Prompt - Your copy of the data should match it exactly, except that the pictures are gone.

Data block -
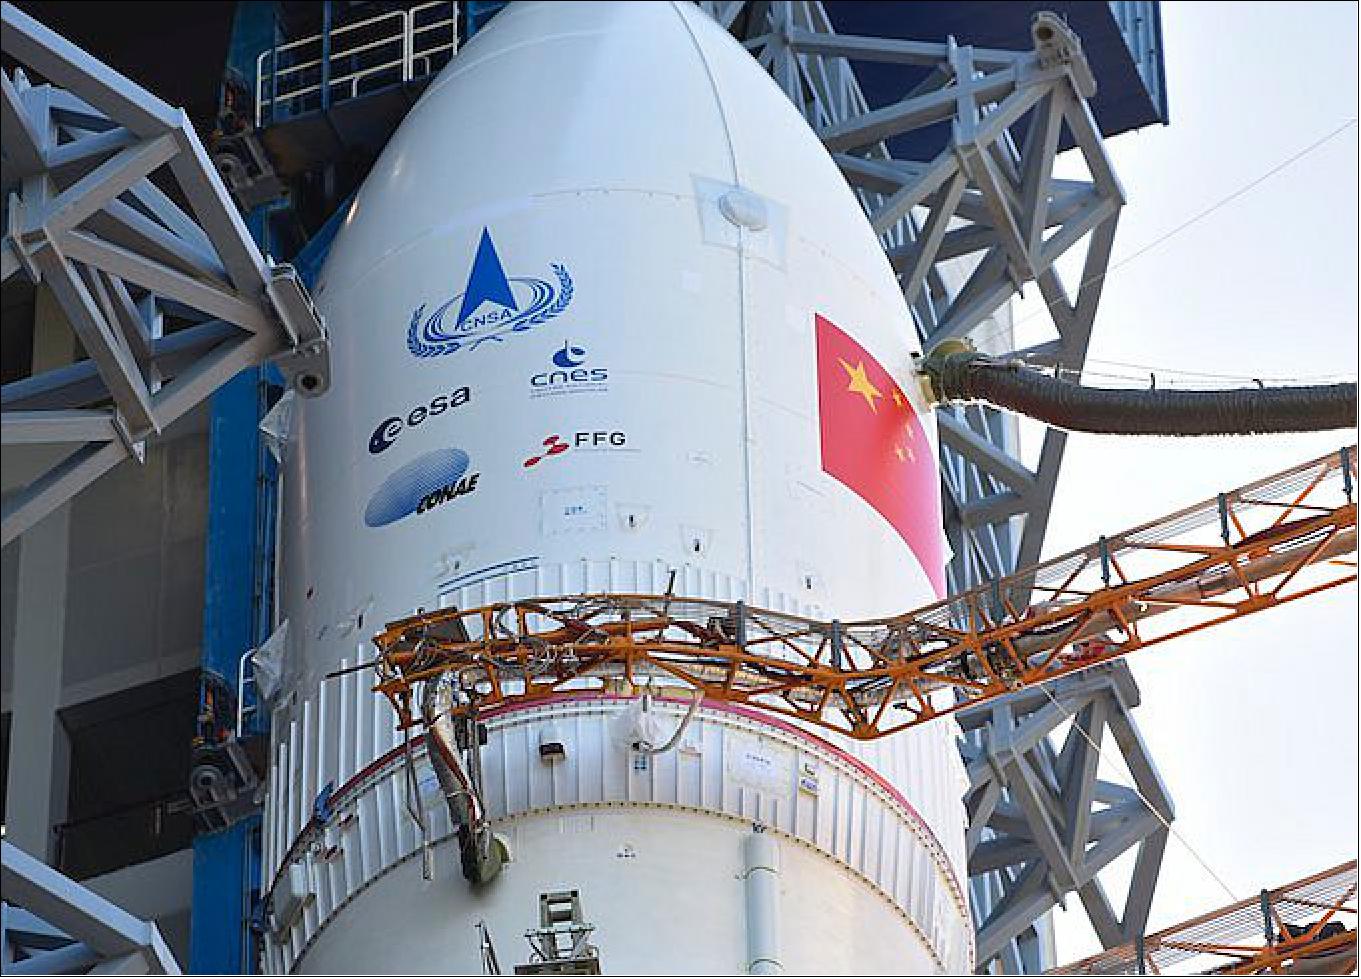 Figure 5: Logos for ESA (European Space Agency), the French space agency CNES, Argentina’s space agency CONAE, and the Austrian Research Promotion Agency (FFG) are installed on the Long March 5’s payload fairing (image credit: China National Space Administration)
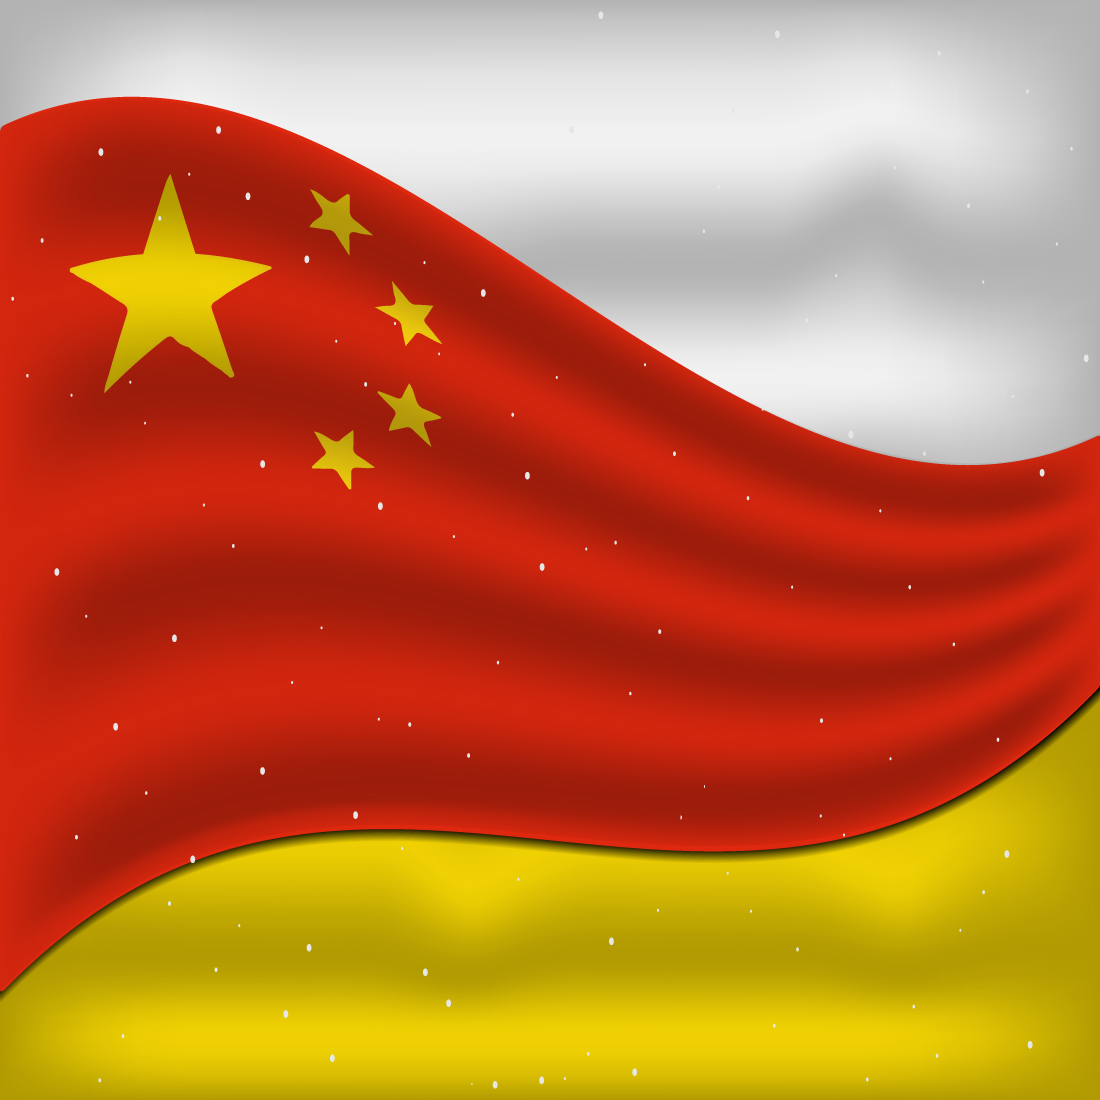 Unique image of the flag of China.
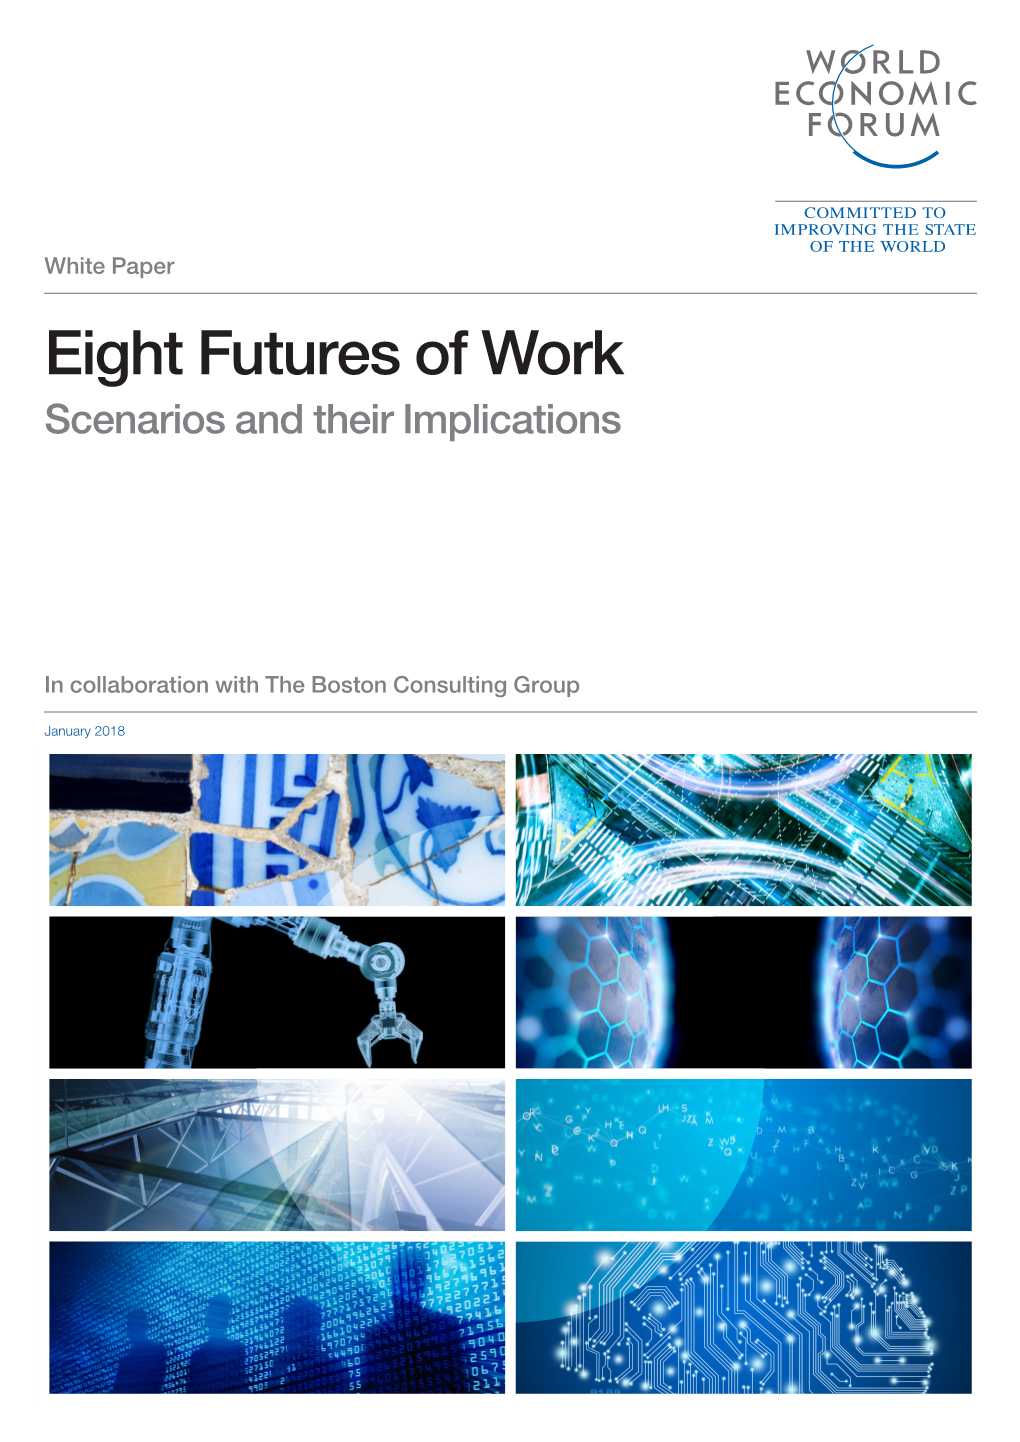 Eight Futures of Work: Scenarios and Their Implications

Response to the task -
 Figure 5: Logos for ESA (European Space Agency), the French space agency CNES, Argentina’s space agency CONAE, and the Austrian Research Promotion Agency (FFG) are installed on the Long March 5’s payload fairing (image credit: China National Space Administration)
 Unique image of the flag of China.
 Eight Futures of Work: Scenarios and Their Implications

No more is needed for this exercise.